Nicotine also stimulates the release of several neurotransmitters such as norepinephrine,epinephrine, vasopressin, dopamine, arginine and beta-endorphin. Pain, anxiety and other negative symptoms are relieved and positive pleasant sensations are increased.

Nicotine intake also increases blood glucose levels, which is generally thought to be the result of the increased adrenalin levels that occur with nicotine intake stimulating the liver to release glucose. The increased availability of glucose along with adrenalin is thought to be responsible for the increased learning ability, memory and alertness that has been associated with smoking.

An increase in the rise of blood glucose also reduces appetite, which raises metabolic rate and eventually causes weight loss in the long term.

Nicotine stimulates the reward centres in the brain, providing pleasure and euphoria when taken. On binding to receptors present in the brain, nicotine causes release of the neurotransmitter dopamine, amongst others, a chemical involved in reward sensations.

With continued use, nicotine leads to a decrease in the release of dopamine at a dose the body is used to. There is also a down regulation or decreased production of other stimulatory neurotransmitters in the brain.

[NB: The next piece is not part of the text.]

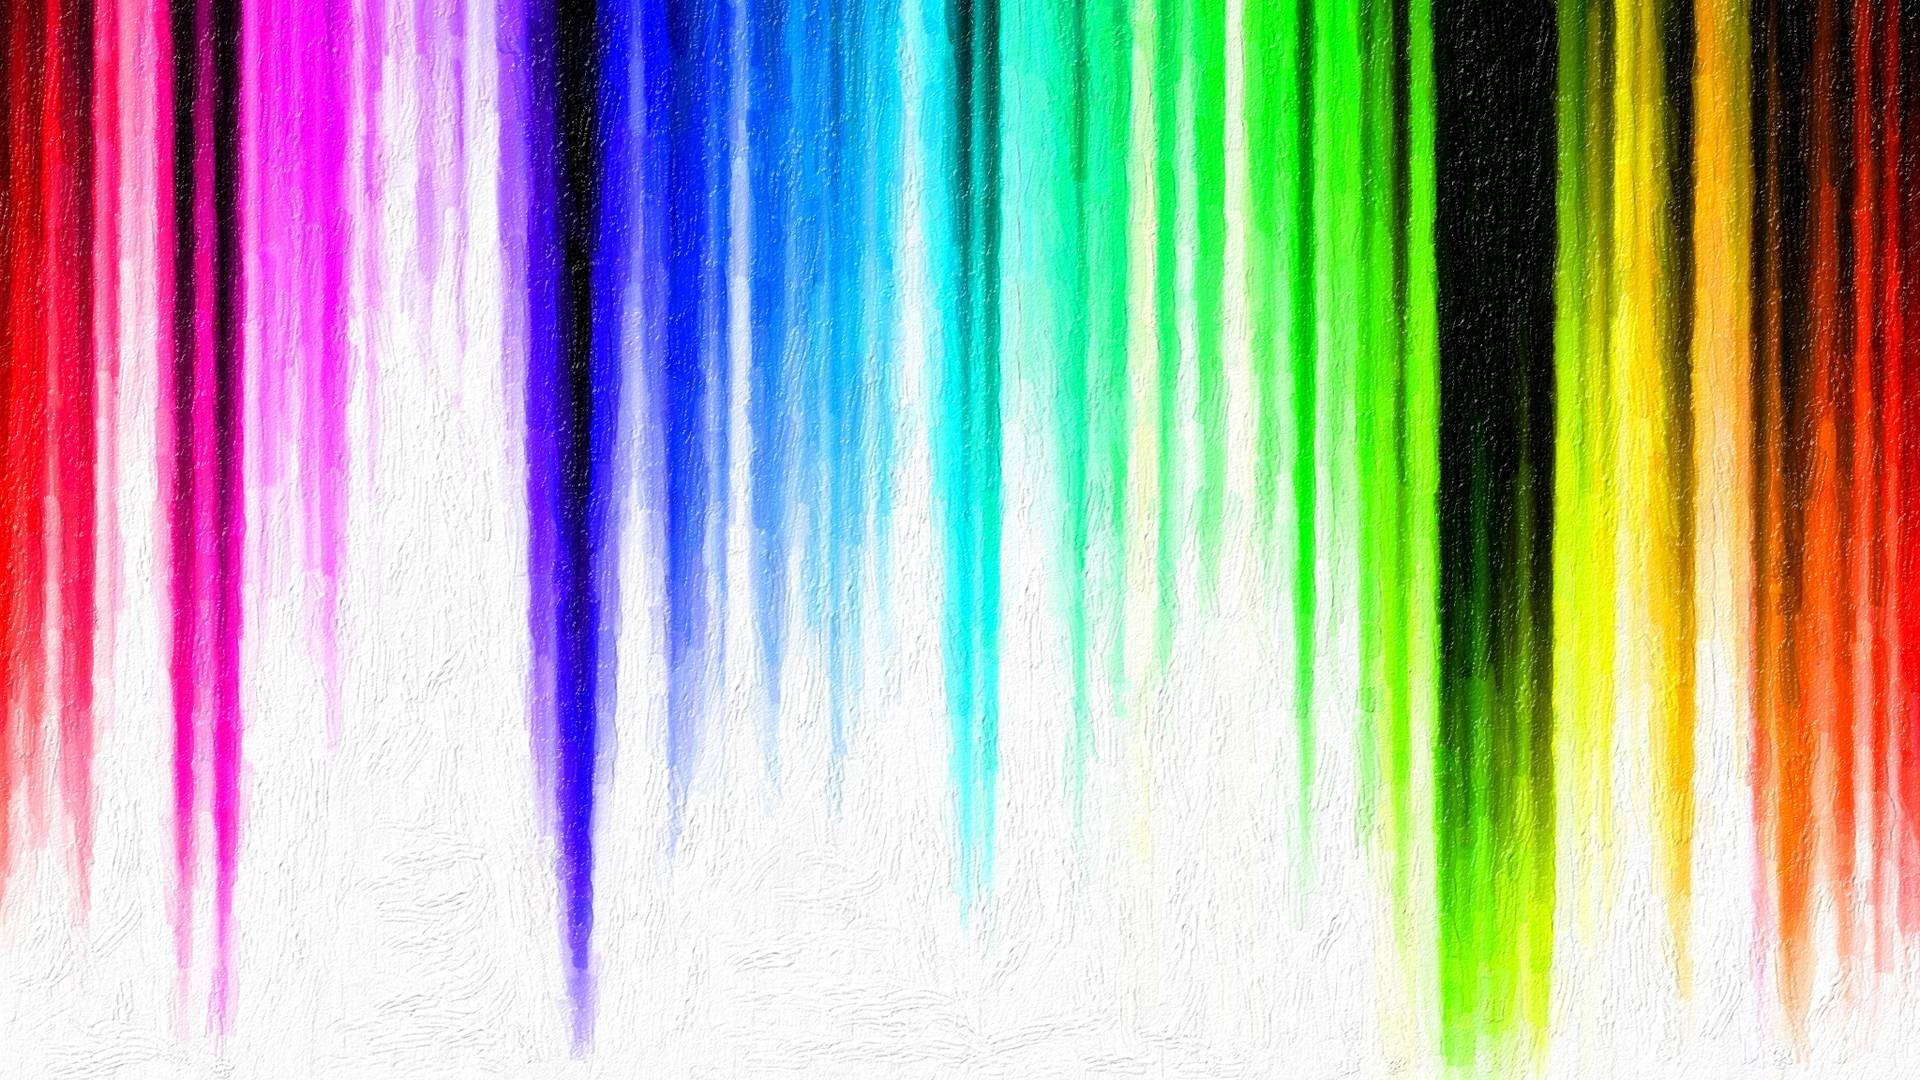 Rayasde Arco Iris Con Goteo De Acuarela Fondo de pantalla

Furthermore, the number and sensitivity of the nicotinic acetylcholine receptors in the brain significantly reduces. To compensate, the brain increases production of a number of receptors for important neurotransmitters. Therefore, the reward pathways of the brain become more sensitive, with an increased number of receptors. This increases a smoker's craving to smoke and leads to addiction.

Stopping smoking or intake of nicotine may lead to unpleasant symptoms called withdrawal symptoms. Some of the withdrawal symptoms of nicotine include:

·         Nicotine cravings

·         Irritability, frustration, anger and mood swings

·         Depression and anxiety

·         Weight gain

The International Programme on Chemical Safety (IPCS) notes that: “Nicotine is one of the most toxic of all poisons and has a rapid onset of action. Apart from local caustic actions, the target organs are the peripheral and central nervous systems.”